Nancy Jean Sullivan is an American cell biologist researching filovirus immunology and vaccine development. She is a senior investigator and chief of the biodefense research section at the Vaccine Research Center. Her team discovered the monoclonal antibody, mAb114.

Education 
Sullivan completed a doctor of science from Harvard T.H. Chan School of Public Health in 1997. She conducted a dissertation in the laboratory of Joseph Sodroski, where her work demonstrated that primary HIV isolates exhibit resistance to antibody neutralization due to occlusion of the coreceptor binding site on gp120. Following her work on HIV, Sullivan pursued postdoctoral training under the guidance of Gary Nabel, studying the mechanisms of Ebola virus pathogenesis and immune protection.

Career 
Sullivan is a cell biologist. She is a tenured senior investigator and chief of the biodefense research section at the Vaccine Research Center.

Research 
Sullivan’s research is on the immunologic correlates and mechanisms of protection against infection by hemorrhagic fever viruses including Ebola virus.
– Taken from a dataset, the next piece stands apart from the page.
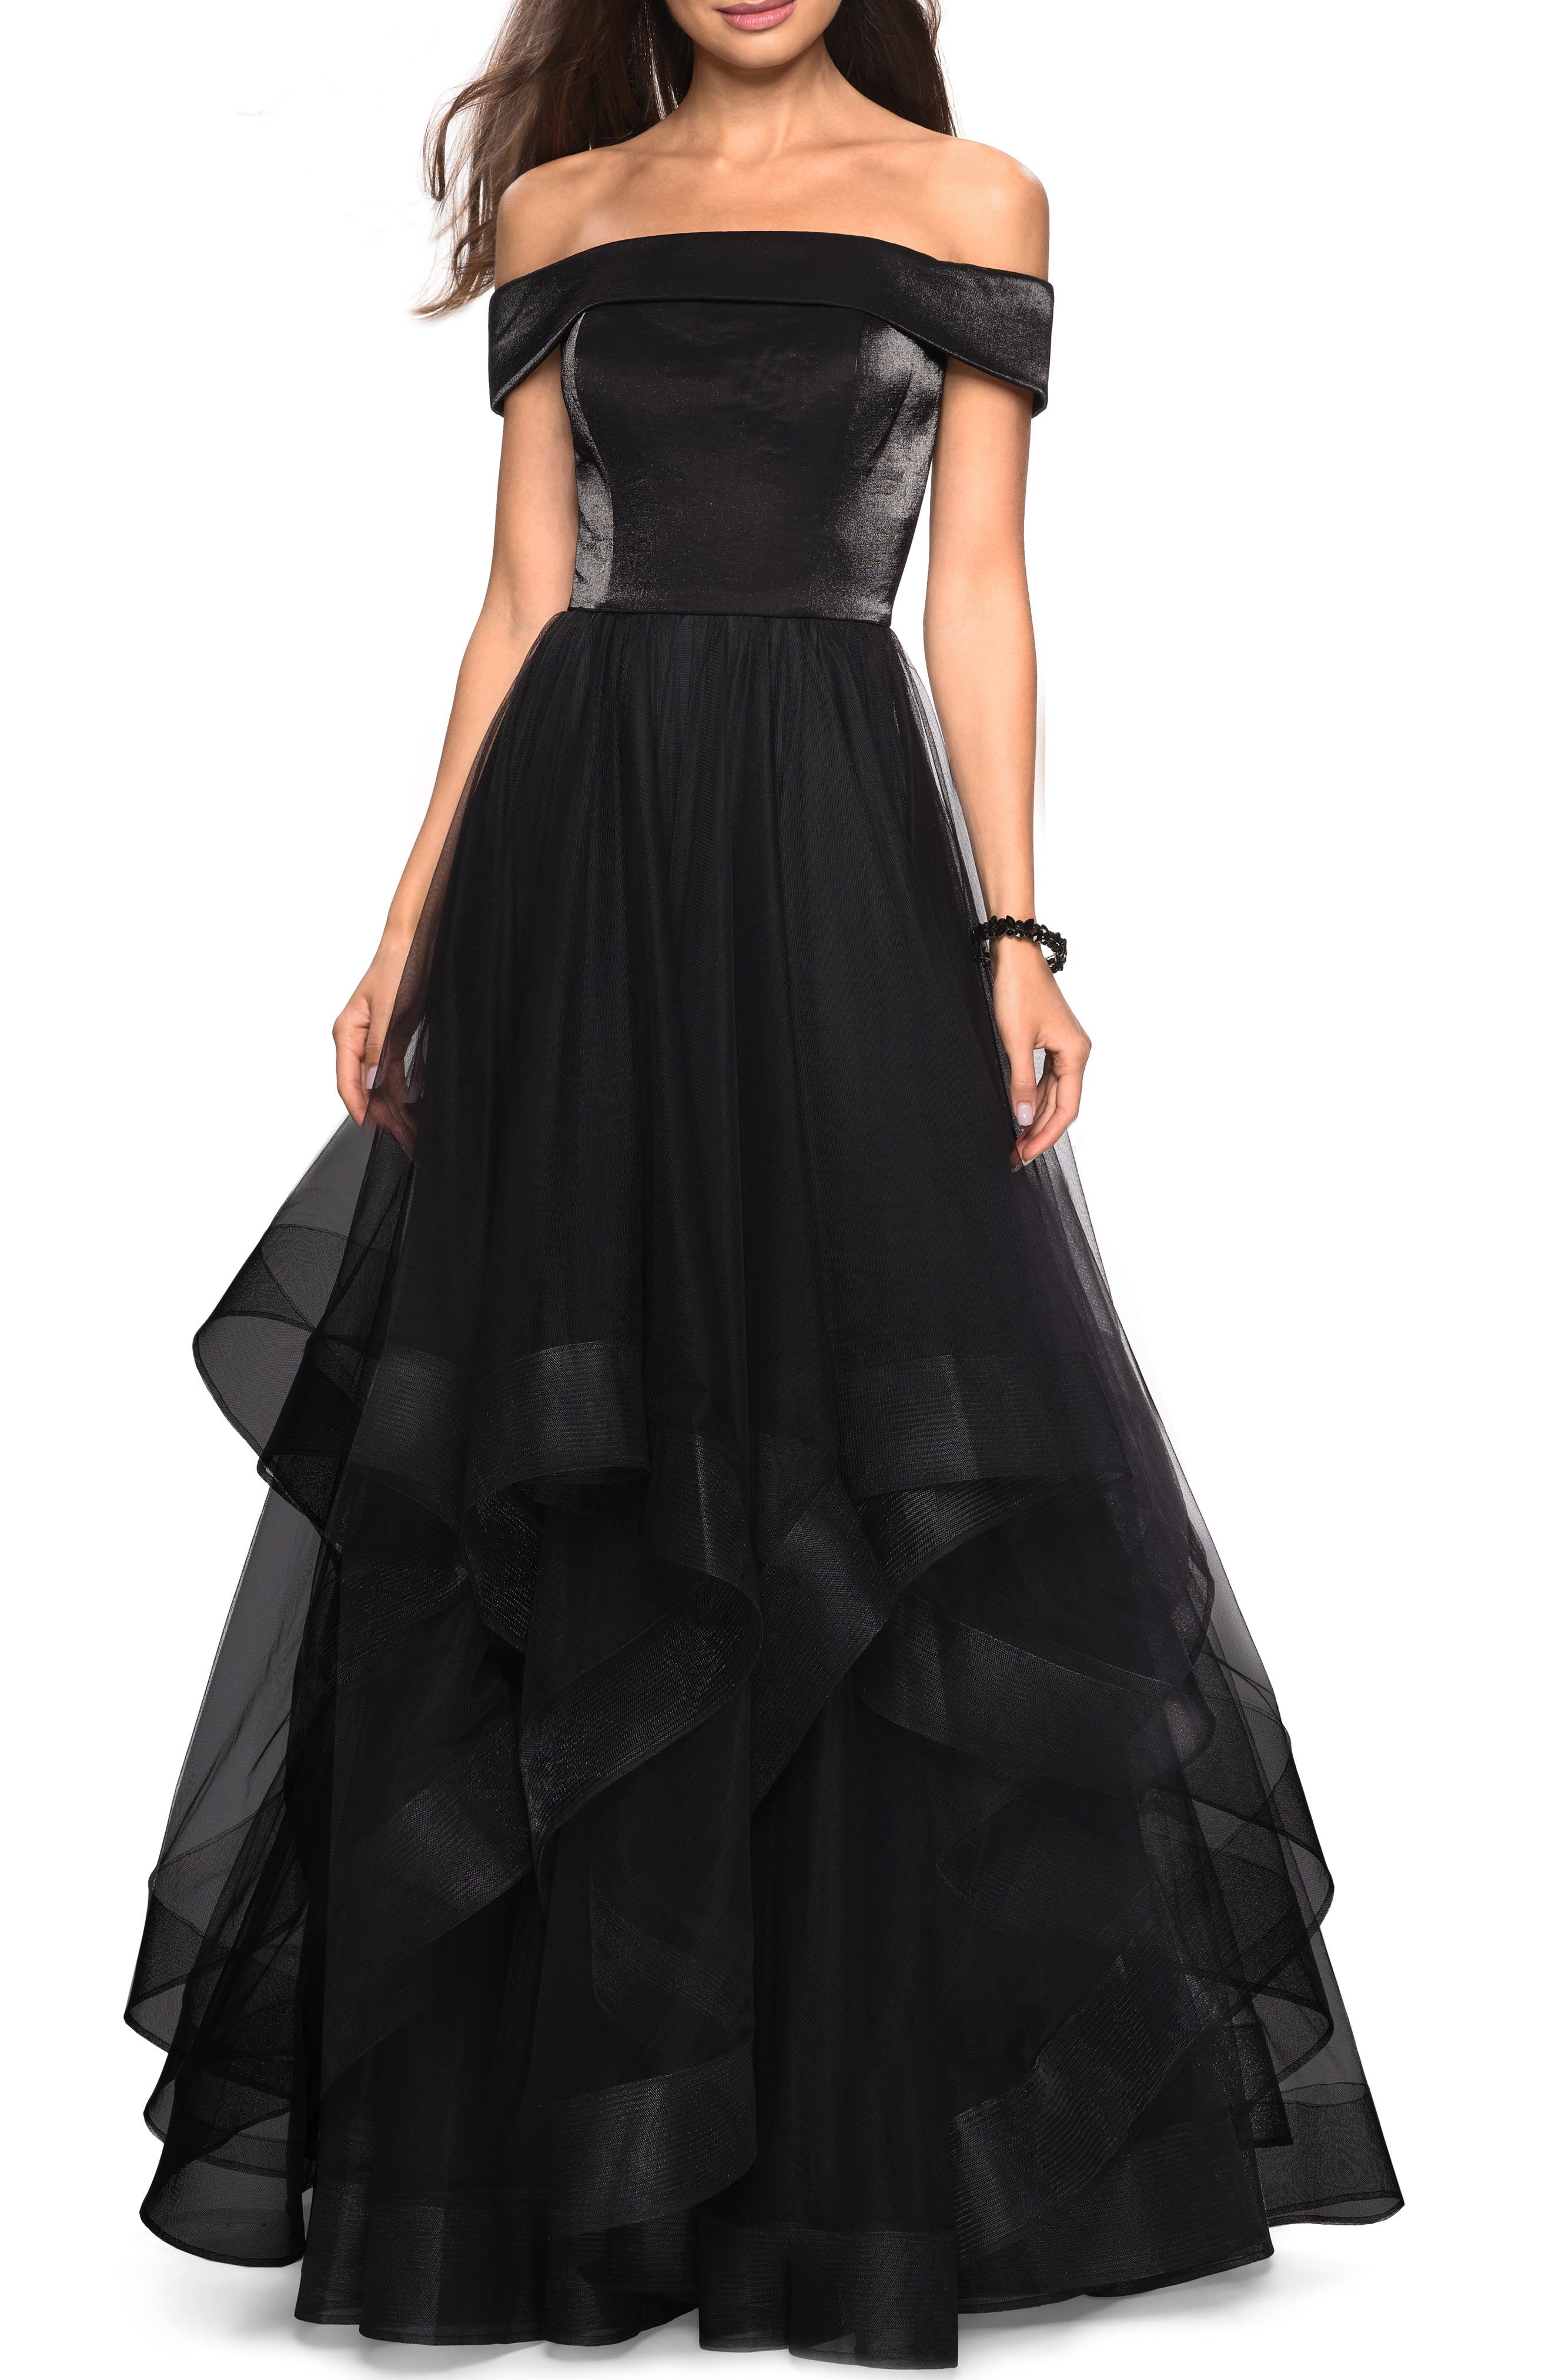 LA FEMME, Off the Shoulder Evening Dress, Main thumbnail 1, color, BLACK

Her work on filovirus immunology and vaccine development is widely considered as one of the very best in the field despite the difficulties of conducting research under highly specialized BSL-4 containment conditions. Sullivan’s innovative and specialized work on filovirus immunology is recognized worldwide and has consistently been the source of novel observations that have contributed to critical advancements in the field.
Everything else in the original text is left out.